A picture-free, exact transcript of the entries below is required.

**Stored dataset items**
_ _ _ _

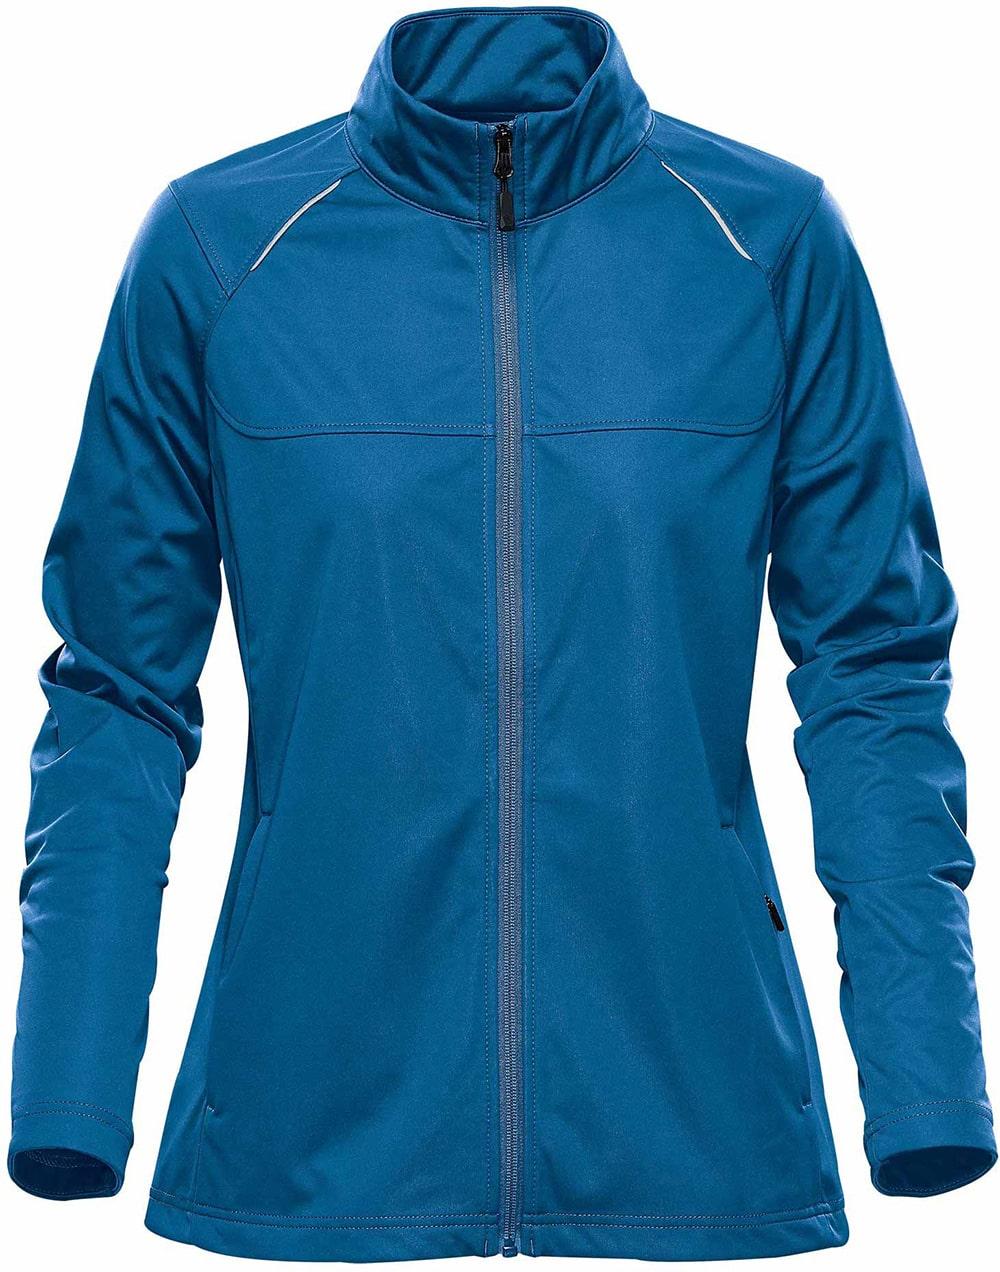 Picture of Stormtech Women's Greenwich Lightweight Softshell Jacket
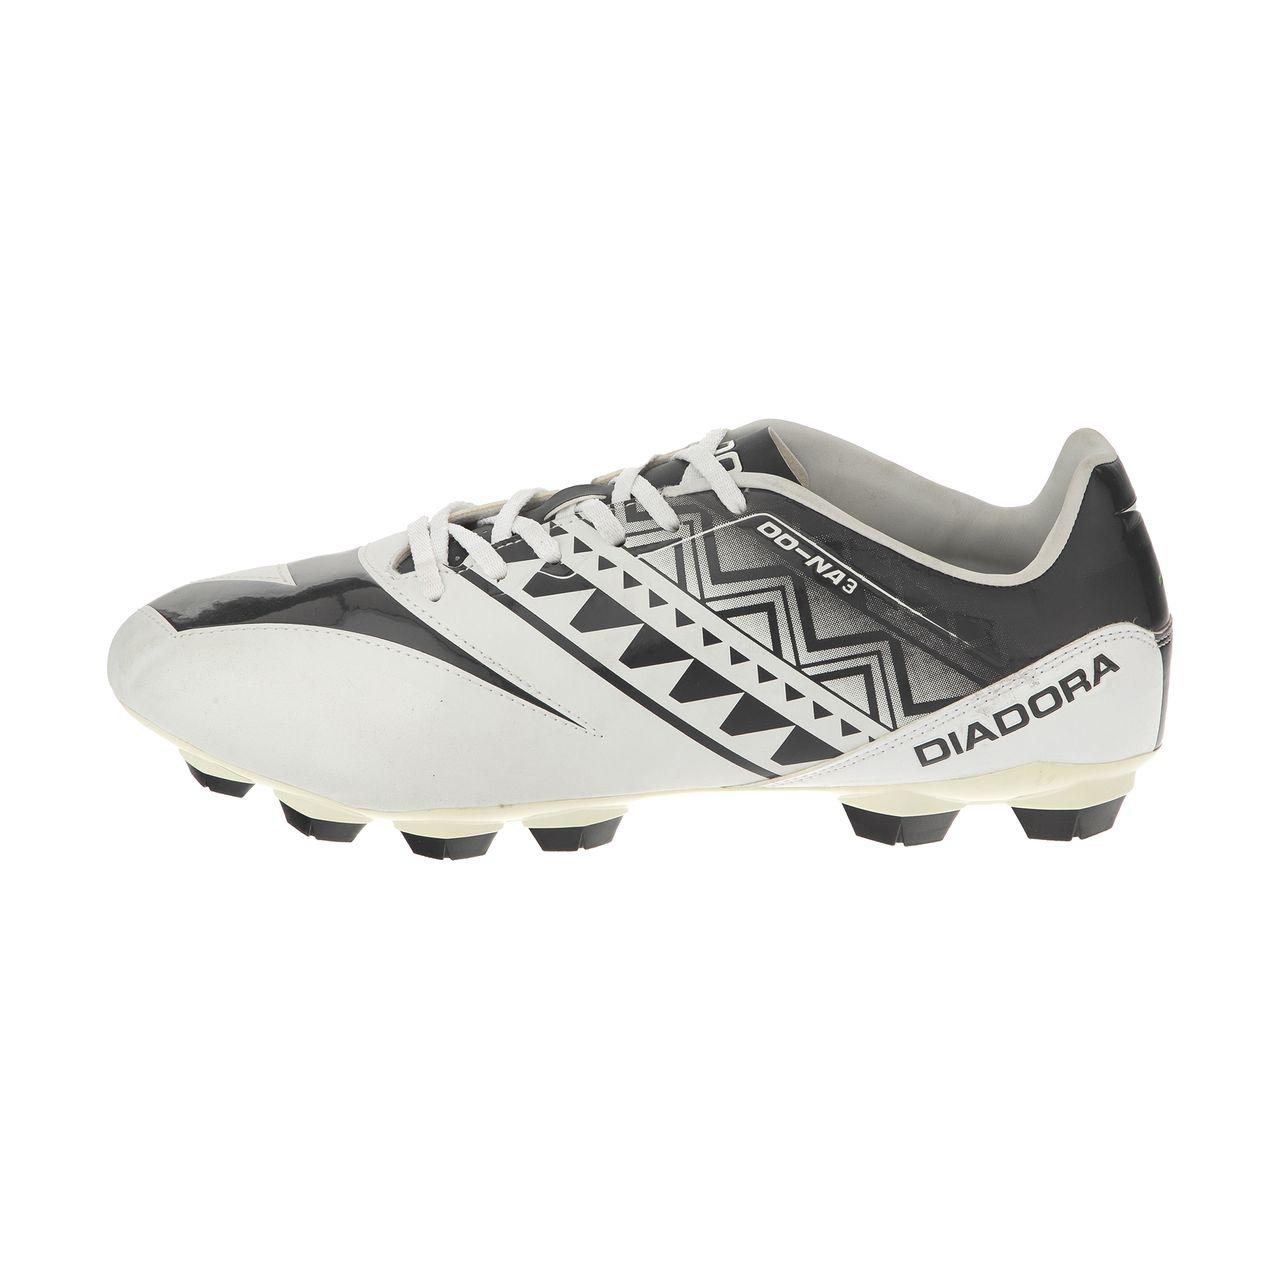 کفش فوتبال دیادورا مدل DD-NA3 R LPU
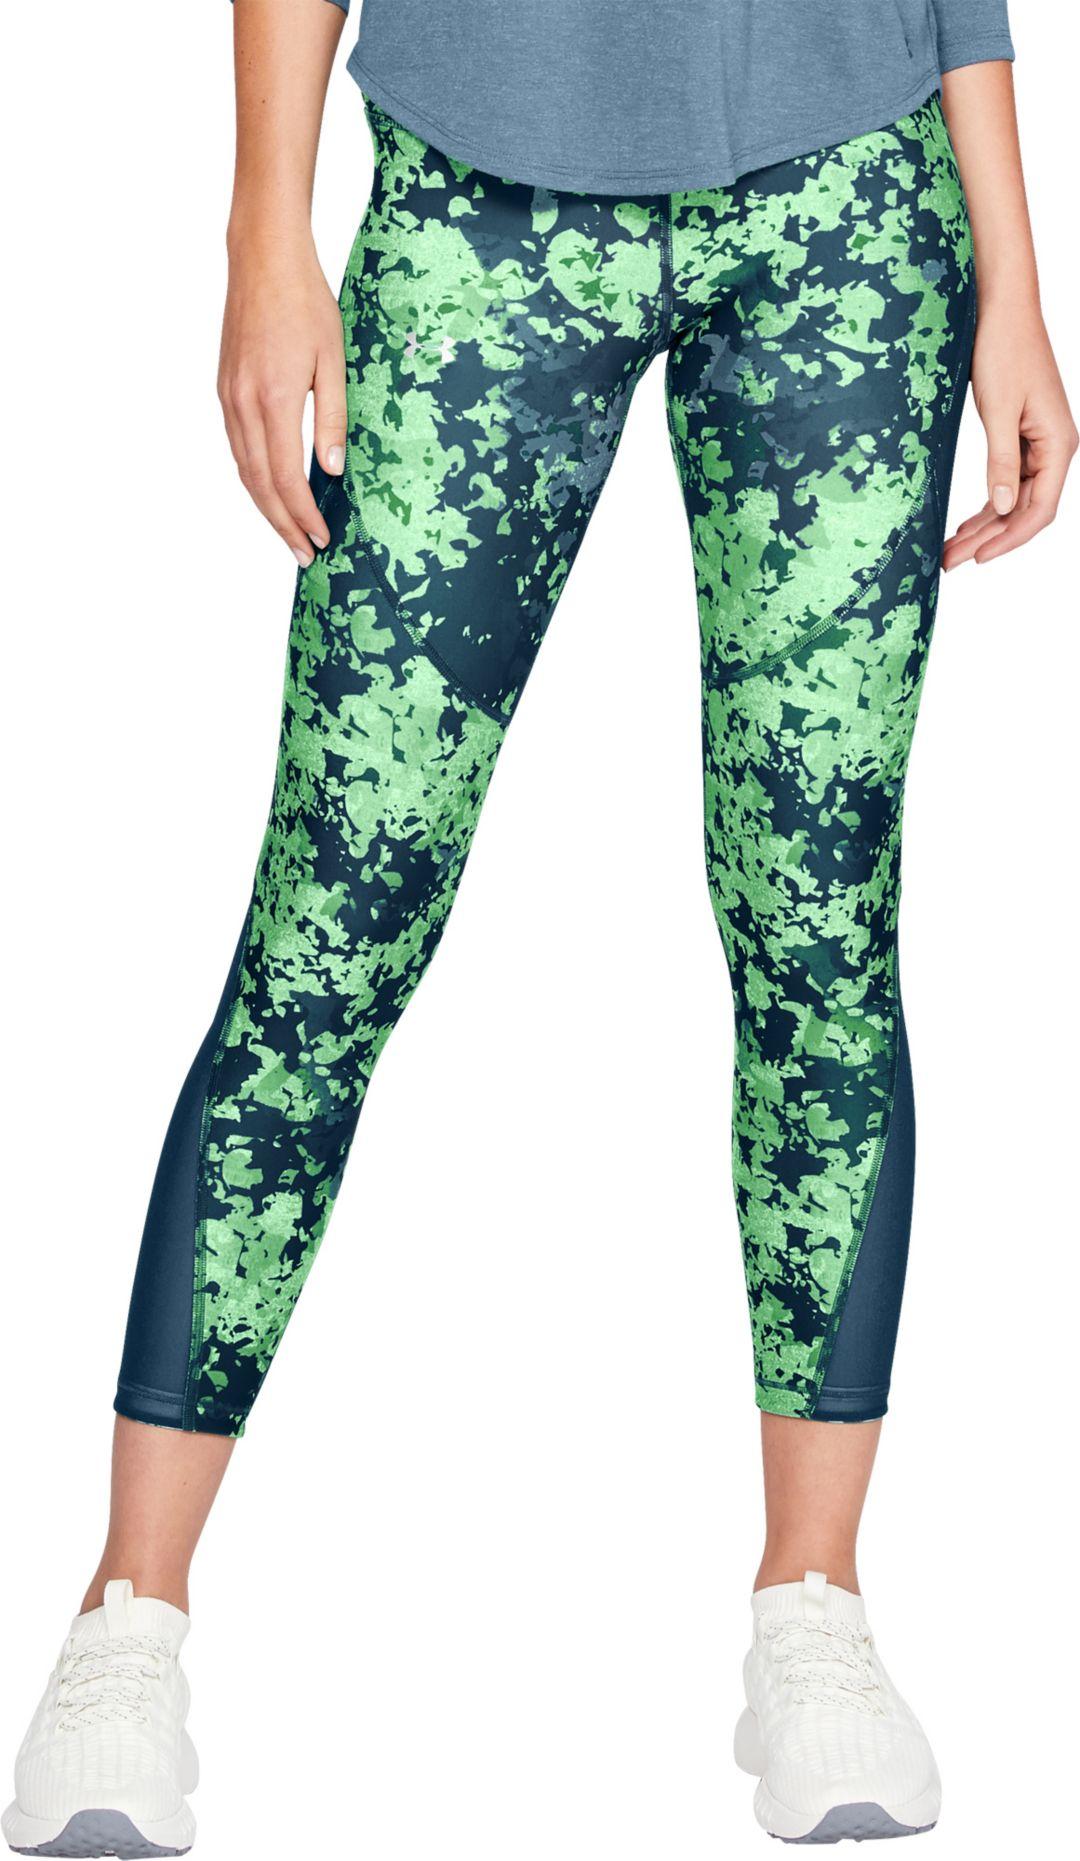 b624eea09d Under Armour Women's HeatGear Armour Print Ankle Crop 7/8 Leggings
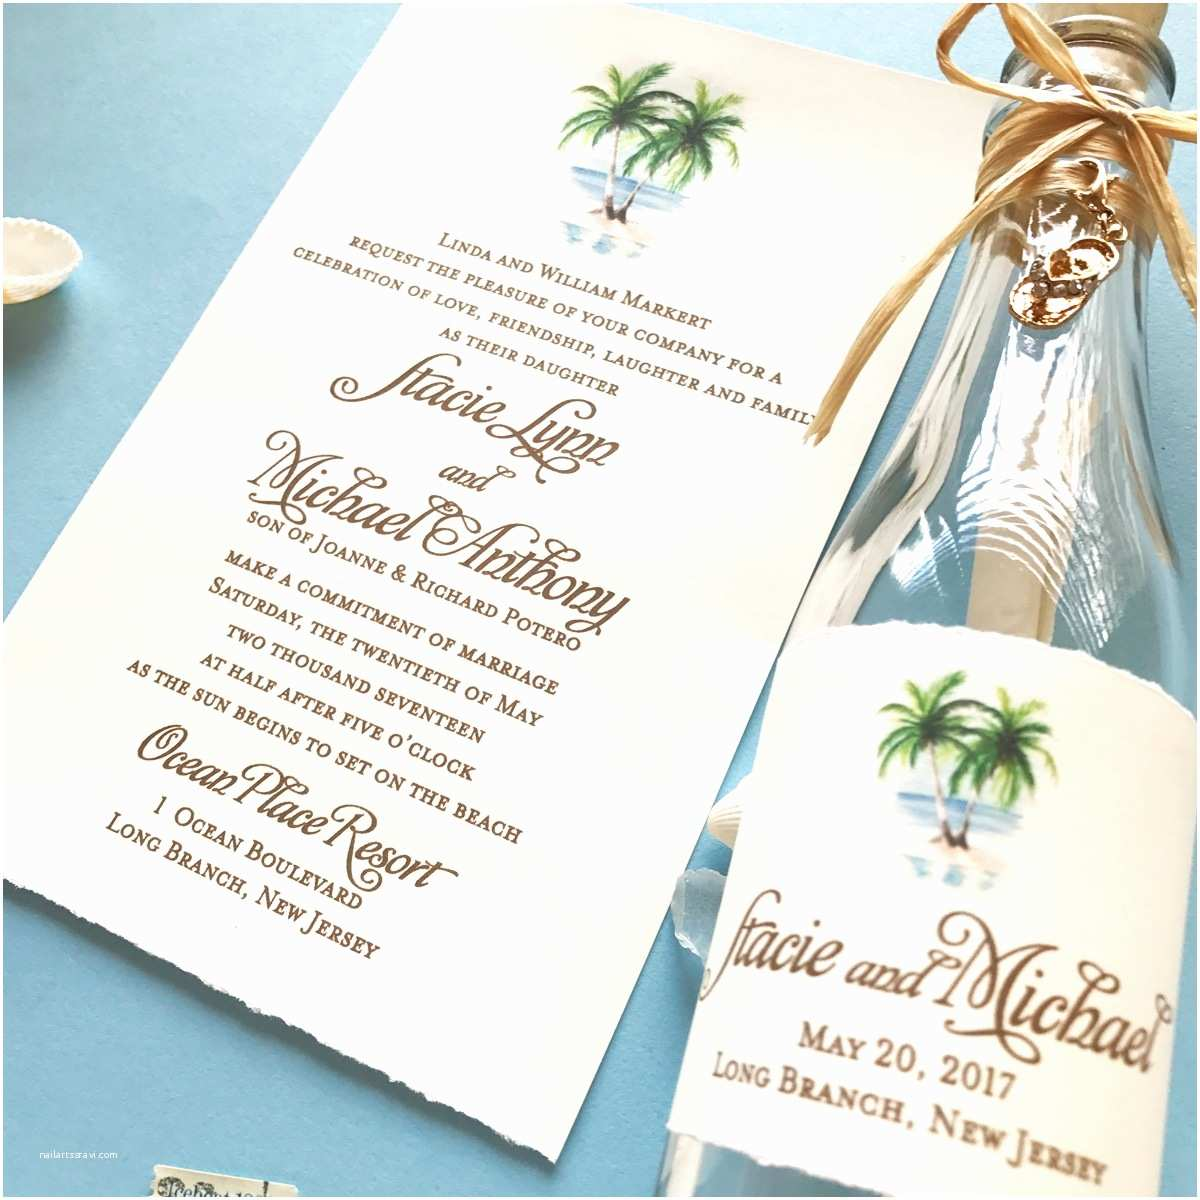 Wedding Invitations In A Bottle Stacie Beach Wedding Invitation In A Bottle
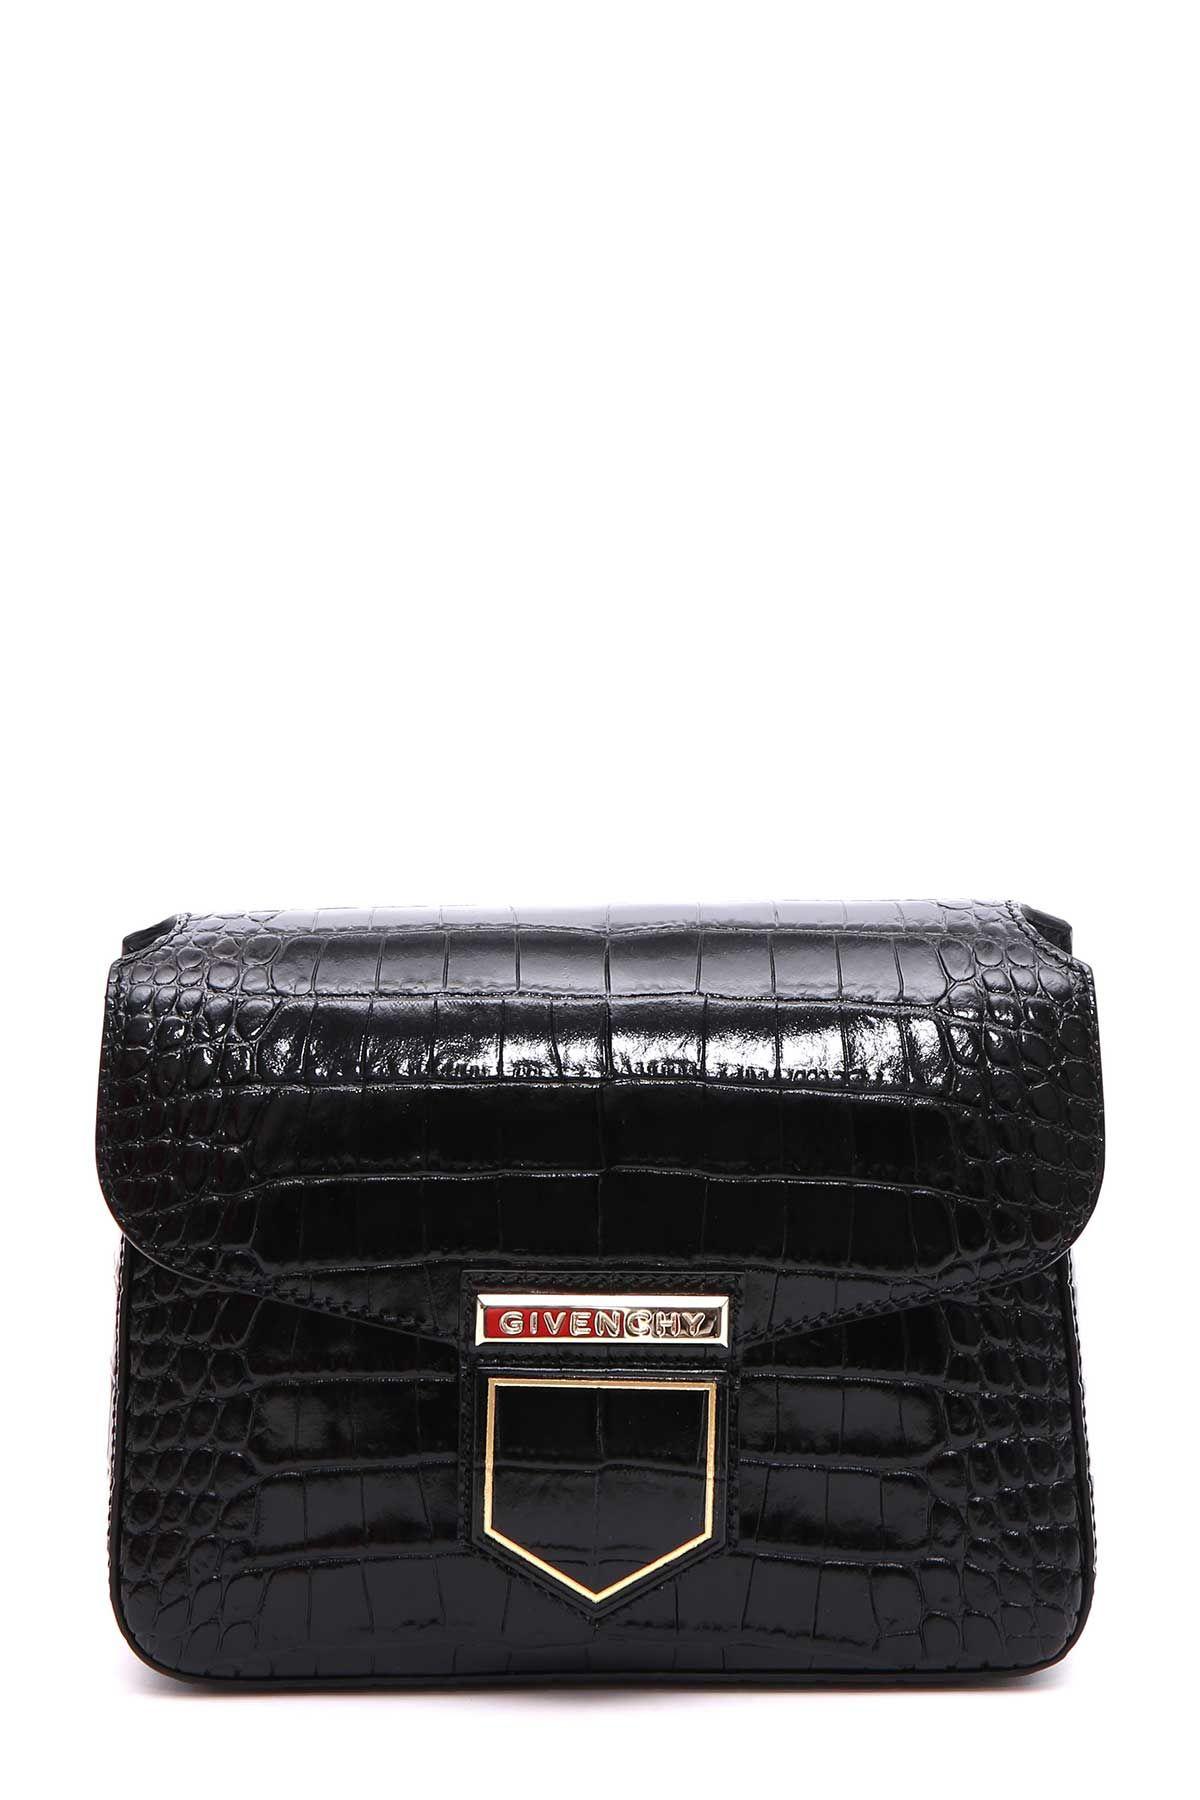 Givenchy nobile Crossbody Bag

_ _ _ _

**ANSWER TO THIS PROBLEM**
 Picture of Stormtech Women's Greenwich Lightweight Softshell Jacket
 کفش فوتبال دیادورا مدل DD-NA3 R LPU
 b624eea09d Under Armour Women's HeatGear Armour Print Ankle Crop 7/8 Leggings
 Wedding Invitations In A Bottle Stacie Beach Wedding Invitation In A Bottle
 Givenchy nobile Crossbody Bag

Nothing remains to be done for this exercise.